Discretizing $u_t = \dfc u_{xx}$ by a Backward Euler scheme,
$$
[D_t^- u = \dfc D_xD_x u]^n_q,
$$
and inserting a wave component (@eq-diffu-pde1-analysis-uni),
leads to calculations similar to those arising from the Forward Euler scheme,
but since
$$
e^{ikq\Delta x}[D_t^- A]^n = A^ne^{ikq\Delta x}\frac{1 - A^{-1}}{\Delta t},
$$
we get
$$
\frac{1-A^{-1}}{\Delta t} = -\dfc \frac{4}{\Delta x^2}\sin^2\left(
\frac{k\Delta x}{2}\right),
$$
and then
$$
A = \left(1  + 4F\sin^2p\right)^{-1} \tp
$$ {#eq-diffu-pde1-analysis-BE-A}
The complete numerical solution can be written
$$
u^n_q = \left(1  + 4F\sin^2 p\right)^{-n}
e^{ikq\Delta x} \tp
$$
### Stability
We see from (@eq-diffu-pde1-analysis-BE-A) that $0<A<1$, which means
that all numerical wave components are stable and non-oscillatory
for any $\Delta t >0$.

### Truncation error
The derivation of the truncation error for the Backward Euler scheme is almost
identical to that for the Forward Euler scheme.

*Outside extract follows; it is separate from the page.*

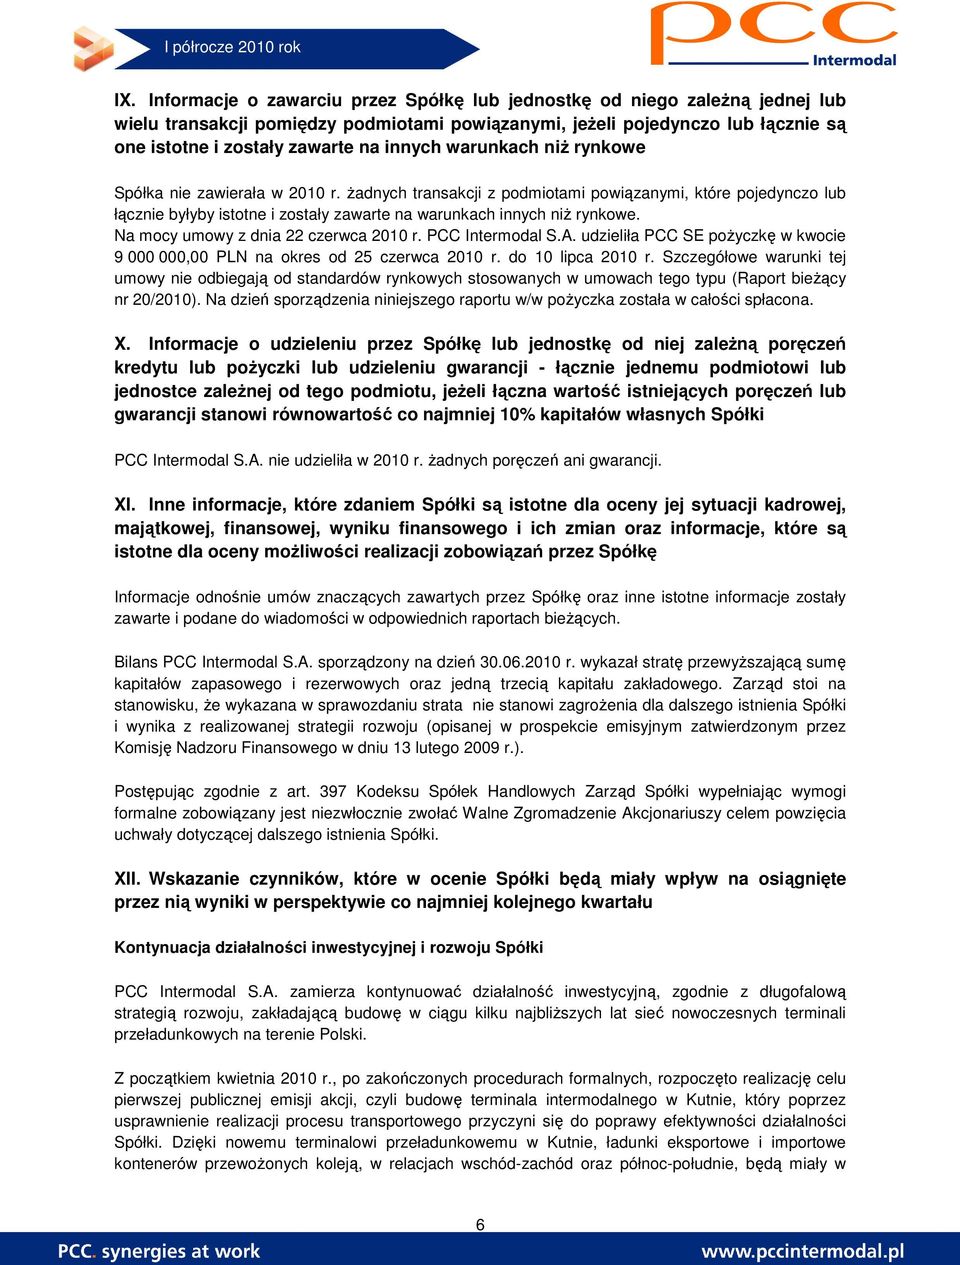 Na mocy umowy z dnia 22 czerwca 2010 r. PCC Intermodal S.A. udzieliła PCC SE poŝyczkę w kwocie 9 000 000,00 PLN na okres od 25 czerwca 2010 r. do 10 lipca 2010 r.

We end up with
$$
R^n_i = \Oof{\Delta t} + \Oof{\Delta x^2}\tp
$$

## Analysis of the Crank-Nicolson scheme {#sec-diffu-pde1-analysis-CN}

The Crank-Nicolson scheme can be written as
$$
[D_t u = \dfc D_xD_x \overline{u}^x]^{n+\half}_q,
$$
or
$$
[D_t u]^{n+\half}_q = \half\dfc\left( [D_xD_x u]^{n}_q +
[D_xD_x u]^{n+1}_q\right) \tp
$$
Inserting (@eq-diffu-pde1-analysis-uni) in the time derivative approximation
leads to
$$
[D_t A^n e^{ikq\Delta x}]^{n+\half} = A^{n+\half} e^{ikq\Delta x}\frac{A^{\half}-A^{-\half}}{\Delta t} = A^ne^{ikq\Delta x}\frac{A-1}{\Delta t} \tp
$$
Inserting (@eq-diffu-pde1-analysis-uni) in the other terms
and dividing by
$A^ne^{ikq\Delta x}$ gives the relation
$$
\frac{A-1}{\Delta t} = -\half\dfc\frac{4}{\Delta x^2}
\sin^2\left(\frac{k\Delta x}{2}\right)
(1 + A),
$$
and after some more algebra,
$$
A = \frac{ 1 - 2F\sin^2p}{1 + 2F\sin^2p} \tp
$$
The exact numerical solution is hence
$$
u^n_q = \left(\frac{ 1 - 2F\sin^2p}{1 + 2F\sin^2p}\right)^ne^{ikq\Delta x} \tp
$$
### Stability
The criteria $A>-1$ and $A<1$ are fulfilled for any $\Delta t >0$.
Therefore, the solution cannot grow, but it will oscillate if
$1-2F\sin^p < 0$. To avoid such non-physical oscillations, we must demand
$F\leq\half$.

### Truncation error
The truncation error is derived in
@sec-trunc-diffu-1D:
$$
R^{n+\half}_i = \Oof{\Delta x^2} + \Oof{\Delta t^2}\tp
$$
## Analysis of the Leapfrog scheme {#sec-diffu-pde1-analysis-leapfrog}

An attractive feature of the Forward Euler scheme is the explicit
time stepping and no need for solving linear systems. However, the
accuracy in time is only $\Oof{\Delta t}$. We can get an explicit
*second-order* scheme in time by using the Leapfrog method:
$$
[D_{2t} u = \dfc D_xDx u + f]^n_q\tp
$$
Written out,
$$
u_q^{n+1} = u_q^{n-1} + \frac{2\dfc\Delta t}{\Delta x^2}
(u^{n}_{q+1} - 2u^n_q + u^n_{q-1}) + f(x_q,t_n)\tp
$$
We need some formula for the first step, $u^1_q$, but for that we can use
a Forward Euler step.

Unfortunately, the Leapfrog scheme is always unstable for the
diffusion equation. To see this, we insert a wave component $A^ne^{ikx}$
and get
$$
\frac{A - A^{-1}}{\Delta t} = -\dfc \frac{4}{\Delta x^2}\sin^2 p,
$$
or
$$
A^2 + 4F \sin^2 p\, A - 1 = 0,
$$
which has roots
$$
A = -2F\sin^2 p \pm \sqrt{4F^2\sin^4 p + 1}\tp
$$
Both roots have $|A|>1$ so the amplitude always grows, which is not in
accordance with the physics of the problem.
However, for a PDE with a first-order derivative in space, instead of
a second-order one, the Leapfrog scheme performs very well.
Details are provided in Section @sec-advec-1D-leapfrog.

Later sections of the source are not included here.